AFAICS this was fixed inadvertedly in 5.19 by commit fb3d824d1a46
("mm/rmap: split page_dup_rmap() into page_dup_file_rmap() and
page_try_dup_anon_rmap()") or another commit in that series. What caught
my attention is this part of the changelog:
We really only care about pins on anonymous pages, because they are prone
to getting replaced in the COW handler once mapped R/O. For !anon pages
in cow-mappings (!VM_SHARED && VM_MAYWRITE) we shouldn't really care about
that, at least not that I could come up with an example.
And as part of that commit, an PageAnon() test is added in
copy_present_pte().
But the code is already refactored a lot, so this is an attempt at a
minimal fix for LTS kernels by placing the PageAnon() check to
copy_present_page().
Fixes: 70e806e4e645 ("mm: Do early cow for pinned pages during fork() for ptes")
Cc: Peter Xu <peterx@xxxxxxxxxx>
Cc: David Hildenbrand <david@xxxxxxxxxx>
Signed-off-by: Vlastimil Babka <vbabka@xxxxxxx>
---
Hi, we've seen this in our 5.14 based kernel and it involved the out of
tree gpfs module, but I believe the same thing can happen in LTS's 5.10
and 5.15 without out of tree modules as well. So I'd like your opinion
on this fix before I propose it to stable as a non-standard
version-specific fix (I don't think we'd want to backport fb3d824d1a46
with prerequisities).

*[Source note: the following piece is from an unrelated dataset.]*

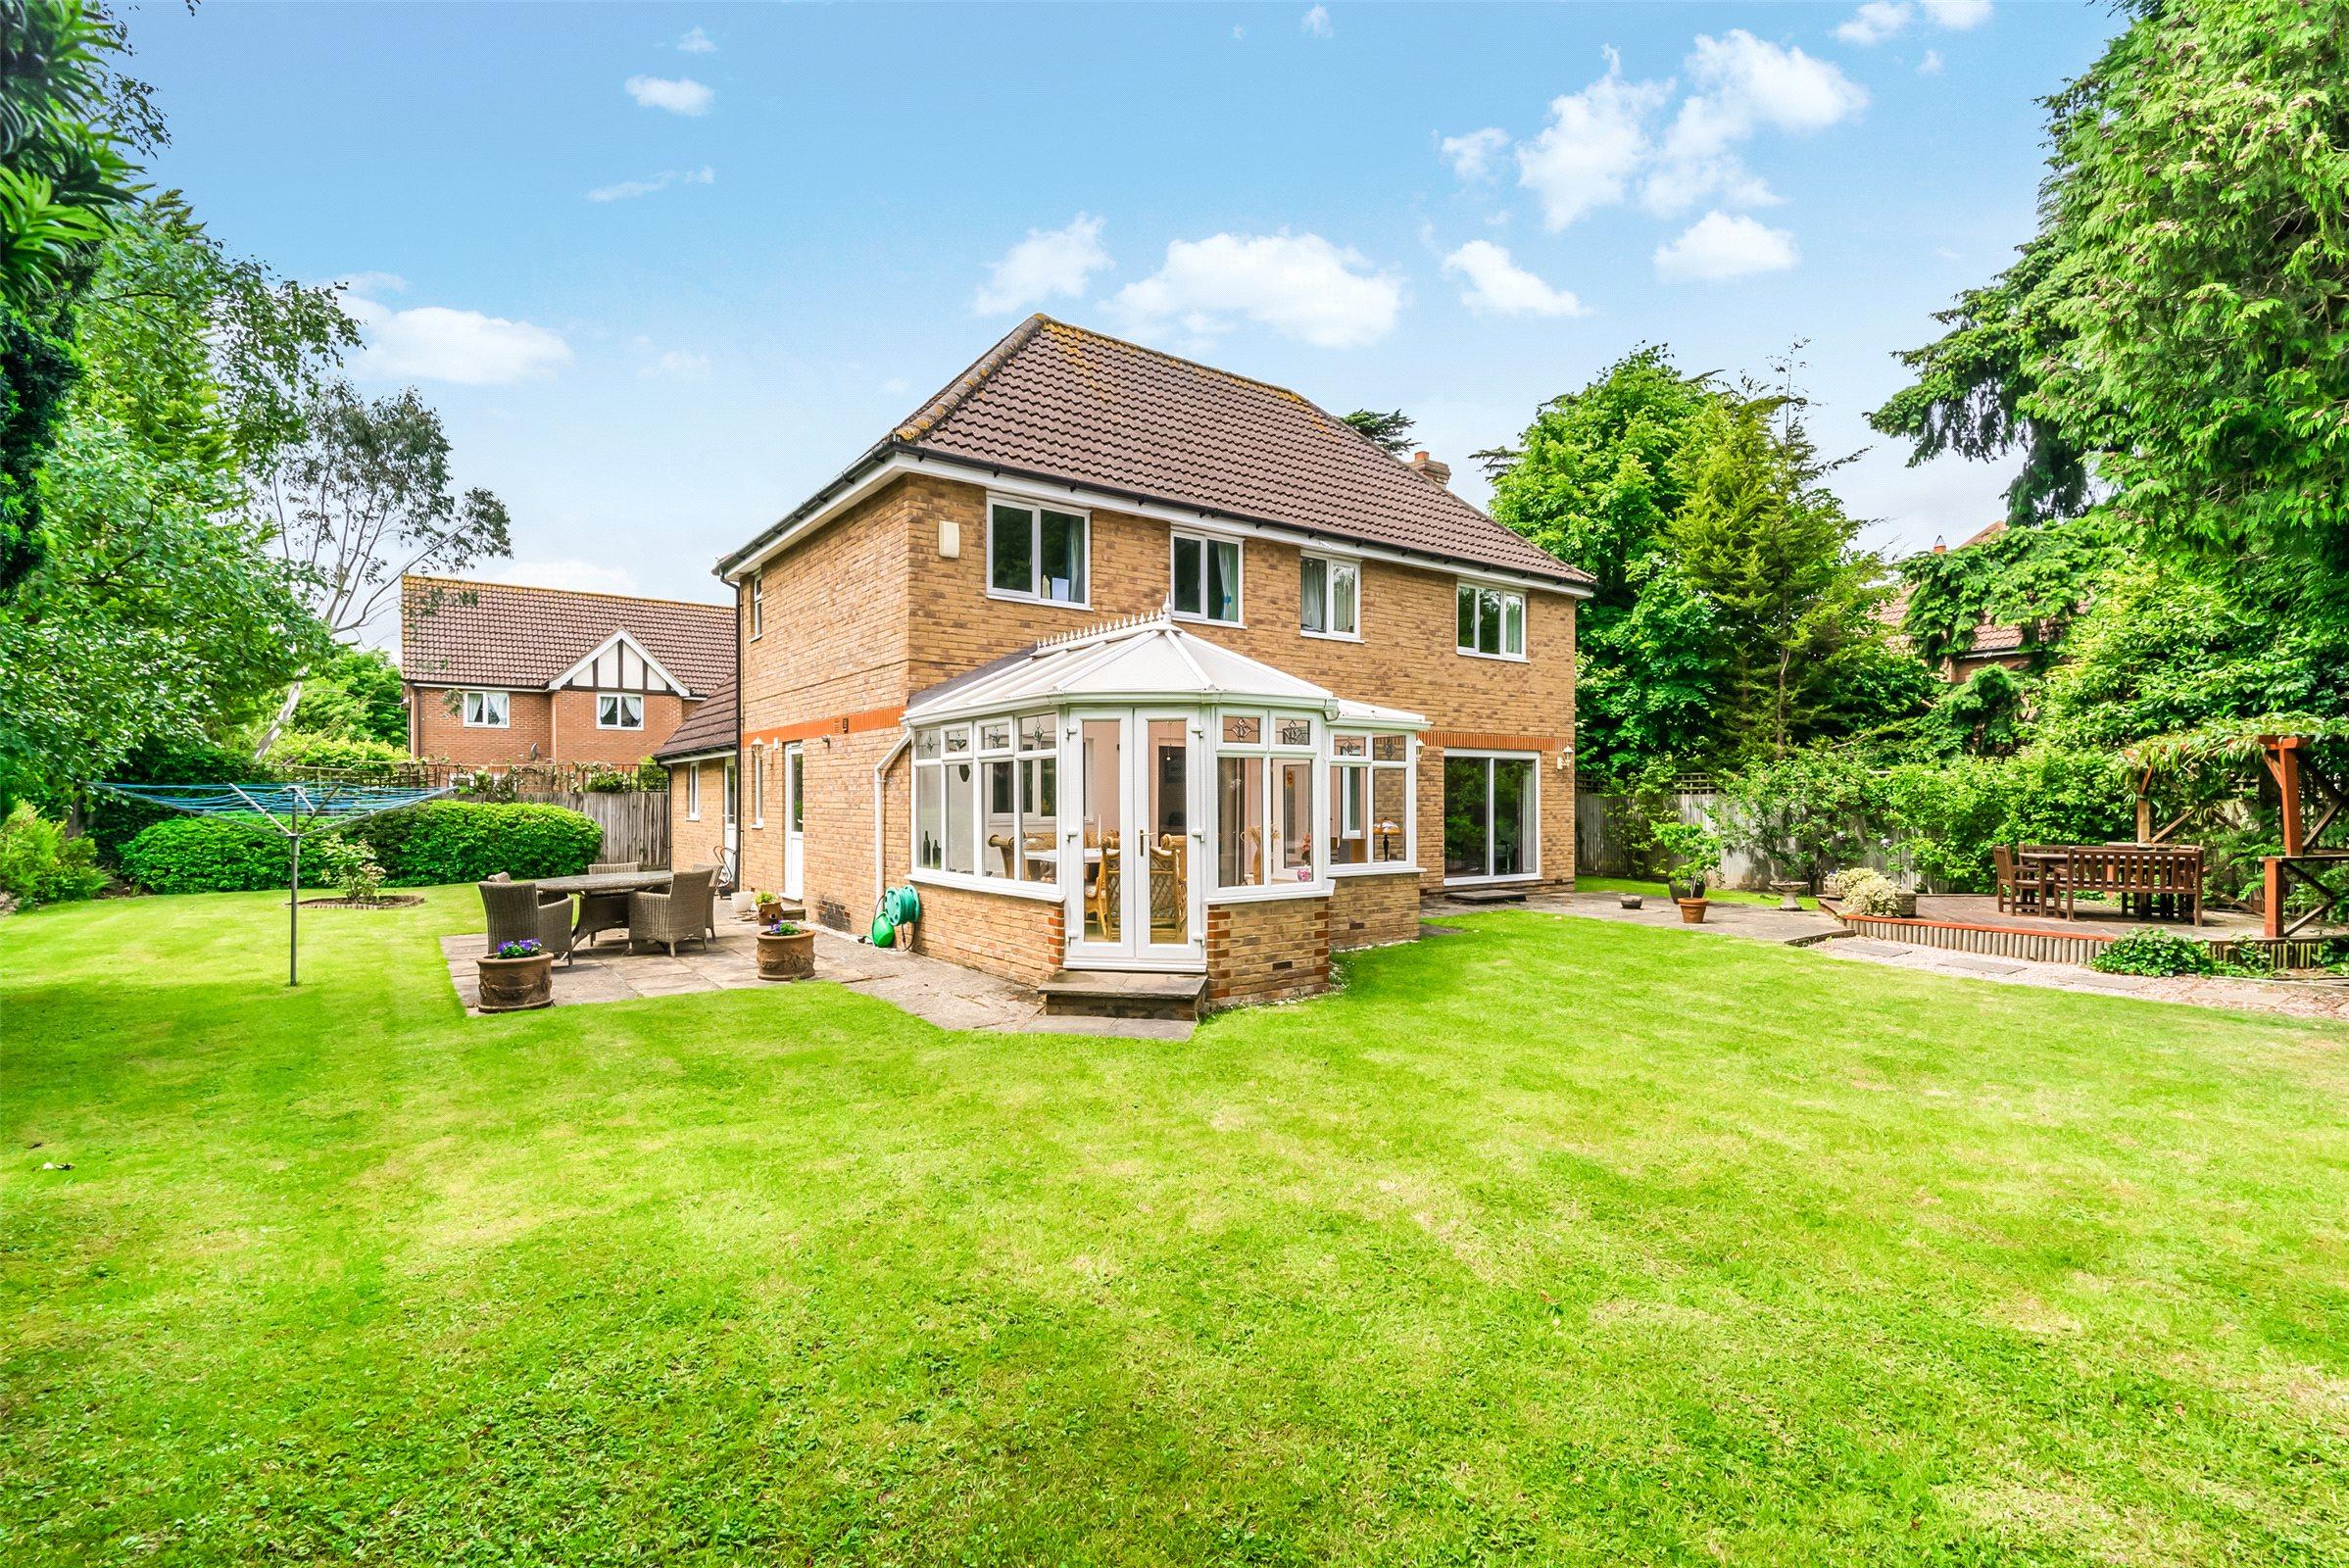 5 Bedrooms Detached House for sale in Bonehurst Road, Horley, Surrey, RH6

Thanks.
I recall seeing+discussing this exact patch already a couple years ago :D
Ah, here is the 5.15 version
https://lkml.kernel.org/r/20221028075244.3112566-1-songyuanzheng@xxxxxxxxxx
And the 5.10 version
https://lore.kernel.org/lkml/20221024094911.3054769-1-songyuanzheng@xxxxxxxxxx/
... I could have sworn they got applied.
... and in linux-5.10.y I see
commit 935a8b6202101d7f58fe9cd11287f9cec0d8dd32
Author: Yuanzheng Song <songyuanzheng@xxxxxxxxxx>
Date: Fri Oct 28 03:07:05 2022 +0000
mm/memory: add non-anonymous page check in the copy_present_page()
The vma->anon_vma of the child process may be NULL because
the entire vma does not contain anonymous pages. In this
case, a BUG will occur when the copy_present_page() passes
a copy of a non-anonymous page of that vma to the
page_add_new_anon_rmap() to set up new anonymous rmap.
Maybe you missed that the PageAnon() check is simply a couple of lines
further down in there?
--
Cheers,
David / dhildenb